--- GOAL OF THE EXERCISE ---
In the entries that follow, the lines from the one with "Täthet av grönling" through the one with "ติด Power Bank" are the ones to write out, exactly and with both ends included. Nothing else should appear.

--- RECORDS SHOWN ---
#####

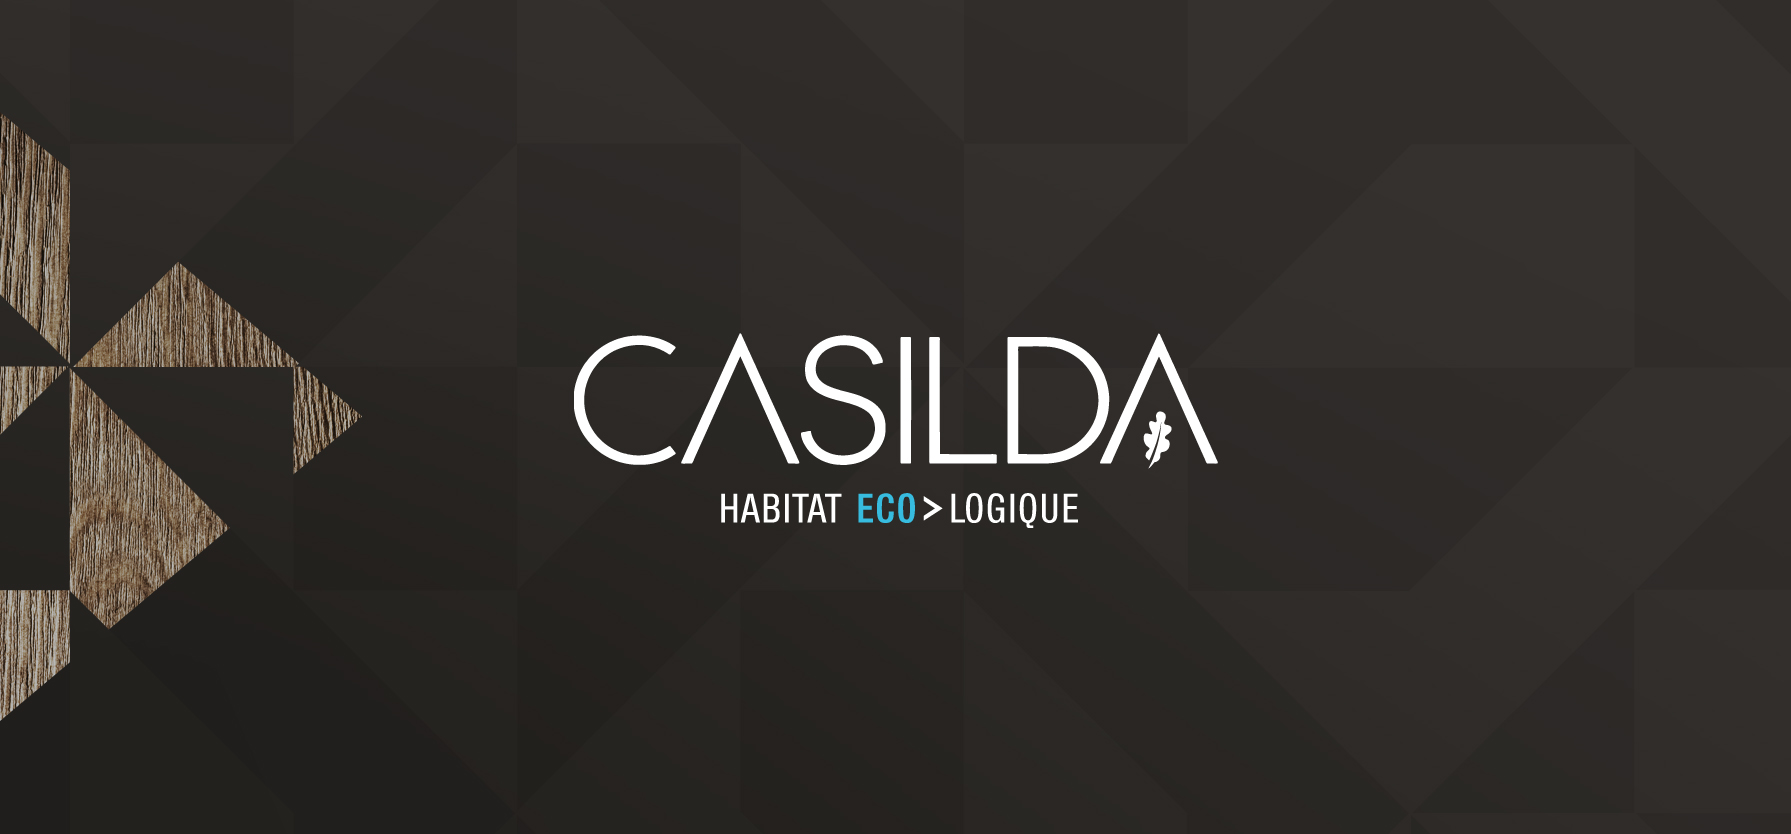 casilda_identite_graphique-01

#####

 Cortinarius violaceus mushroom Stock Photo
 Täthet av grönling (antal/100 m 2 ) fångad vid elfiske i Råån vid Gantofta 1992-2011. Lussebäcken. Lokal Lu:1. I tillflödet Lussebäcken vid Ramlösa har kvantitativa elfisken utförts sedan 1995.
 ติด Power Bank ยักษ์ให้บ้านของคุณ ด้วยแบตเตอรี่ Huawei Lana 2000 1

#####

--- TASK ANSWER ---
 Täthet av grönling (antal/100 m 2 ) fångad vid elfiske i Råån vid Gantofta 1992-2011. Lussebäcken. Lokal Lu:1. I tillflödet Lussebäcken vid Ramlösa har kvantitativa elfisken utförts sedan 1995.
 ติด Power Bank ยักษ์ให้บ้านของคุณ ด้วยแบตเตอรี่ Huawei Lana 2000 1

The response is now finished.